You’re Not Competing In The Category You Think You Are! (The 5 Steps to Category Identification)

If you’re a regular reader here – and if not, then please sign up below so you don’t miss future posts – you’ll know my 7-step CatSight™ Process for Insight Development.

The first step of the process is to identify the category in which you are competing. If you don’t know the process, that may surprise you, but you’d be amazed just how many brands are not in the category they think they are. When was the last time you checked?

Just think about the consequences of an incorrect attribution; you would be concentrating on competitors that your customers never compare you with! And you would waste resources defending yourself against the wrong brands. Talk about squandering valuable resources! That’s why I decided to dedicate a whole post to this important topic.

But before I get started, I suggest you first read the post (Customer Centricity is Today’s Business Disruptor, Insights its Foundation) as background information. In it you’ll discover the full description of the seven steps of the CATSIGHT™ process, which I know will also be useful to you. In the article, I summarise the very first step of Insight development, that of category definition, like this:

C = Category

Whenever you want to develop an insight, the first task is to decide on the category you want to study. This may seem obvious to you, but in many cases, it isn’t as clear as you might have thought.

For instance, suppose you are planning on launching a new fruit-flavoured soft drink. You may think that you are competing with other juices or perhaps other soft drinks. But rather than just assuming the category in which you are competing, I highly recommend that you check; you may be very surprised.

Identify the category by zooming in

In working with one client who was in this exact situation, we actually found that their main competitor was an energy drink!

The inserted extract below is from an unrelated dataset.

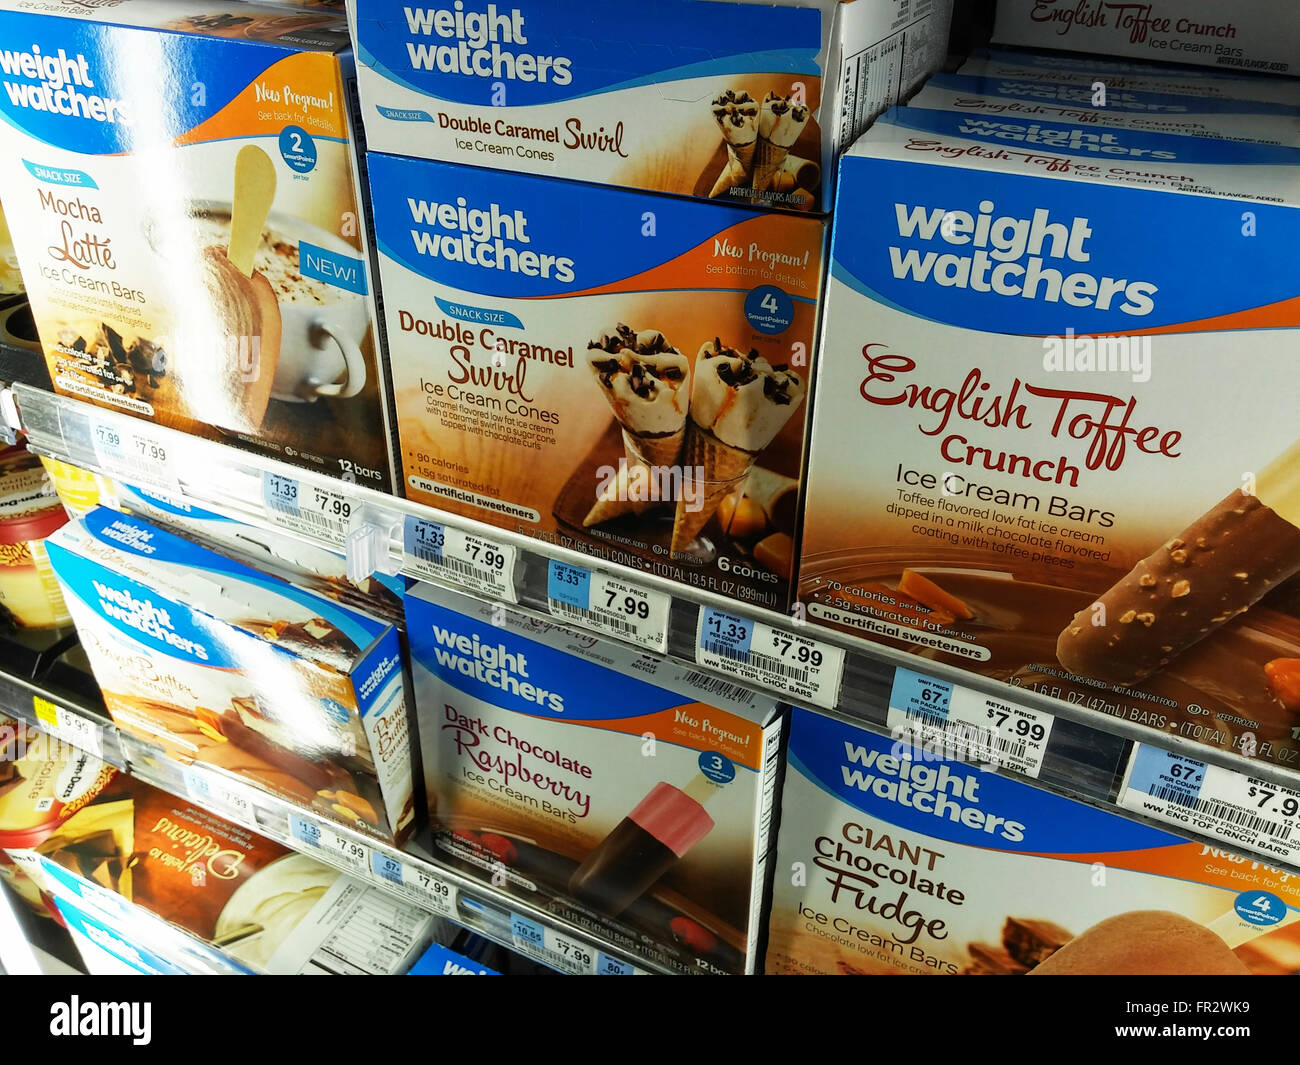 Weight Watchers brand ice cream in a supermarket freezer in New York on Thursday, March 17, 2016. Despite the affiliation with Oprah Winfrey Weight Watchers stock is down 40% this year as consumers show little interest in the brand. (© Richard B. Levine) Stock Photo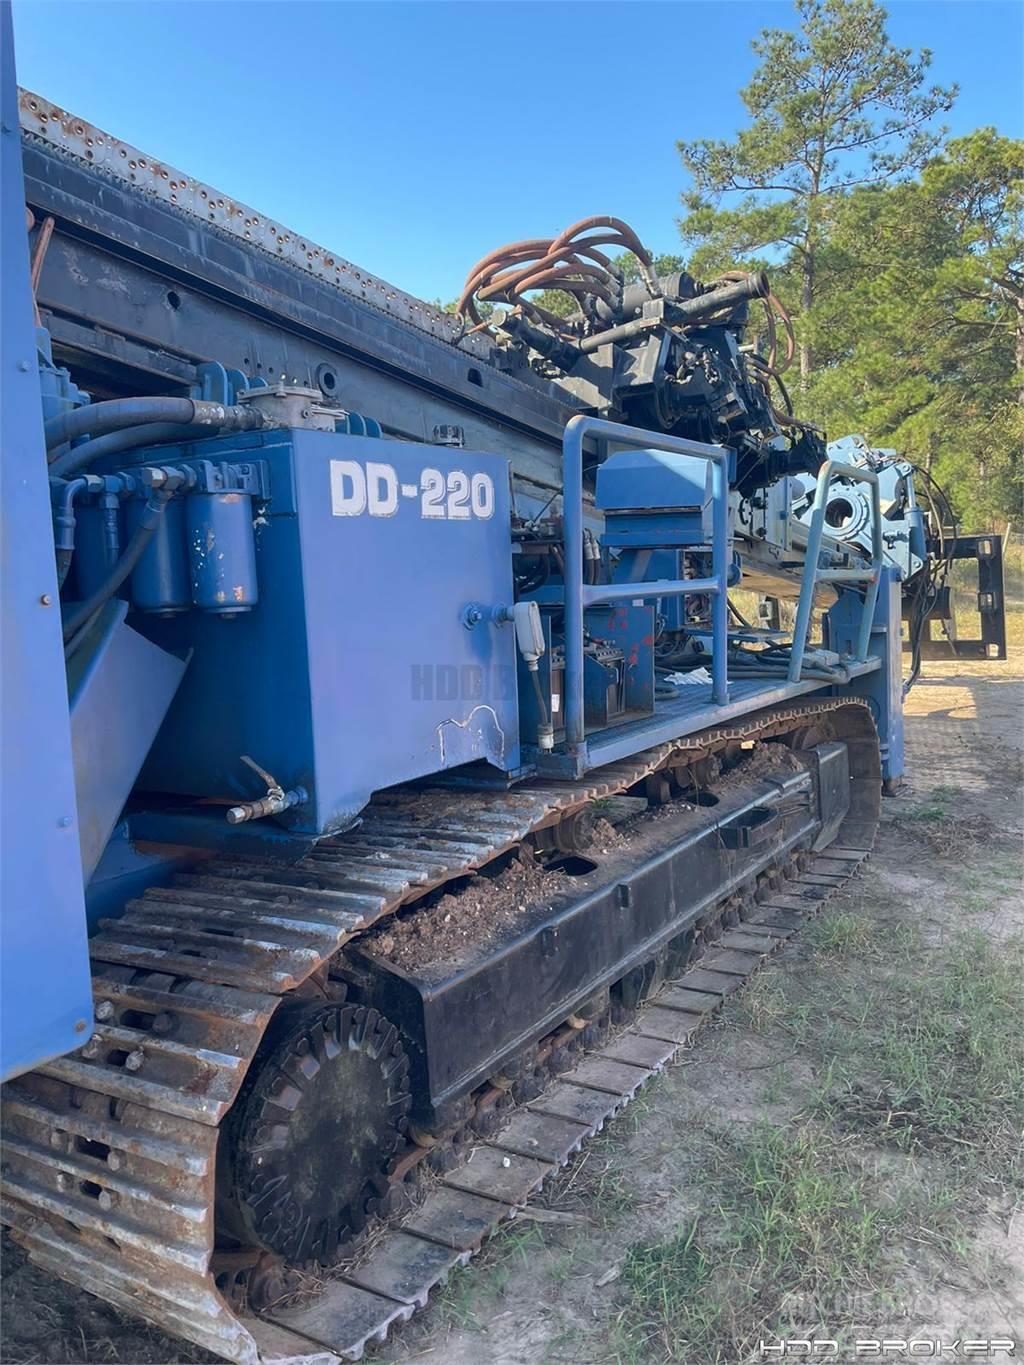 American Augers DD-220 Horizontal drilling rigs

The reason for this was because this category is seen as being for lively, energetic, fun-loving people who need a boost. Whether this comes from the caffeine of an energy drink, or from the added vitamins and minerals of real fruit juices, which was my client’s offer, it didn’t seem to matter.
If we’d only looked at other fruit-flavoured soft drinks, we would have missed a whole – and much larger – segment of potential category consumers. By starting our analysis as wide as possible by looking at all beverages, and then slowly zooming in as we learnt more, we were quickly able to discover this perhaps surprising positioning for the new drink.
This shows the power of taking the consumers’ perspective, especially when segmenting a market. But more about that in a moment. 
The above example is a great start. But so many clients ask me to help them with their own category definitions, that I decided to detail the five most important steps in defining your category, so that you can do it for yourself for each of your brands and products.

 

Step 1. What is the category definition you are currently using?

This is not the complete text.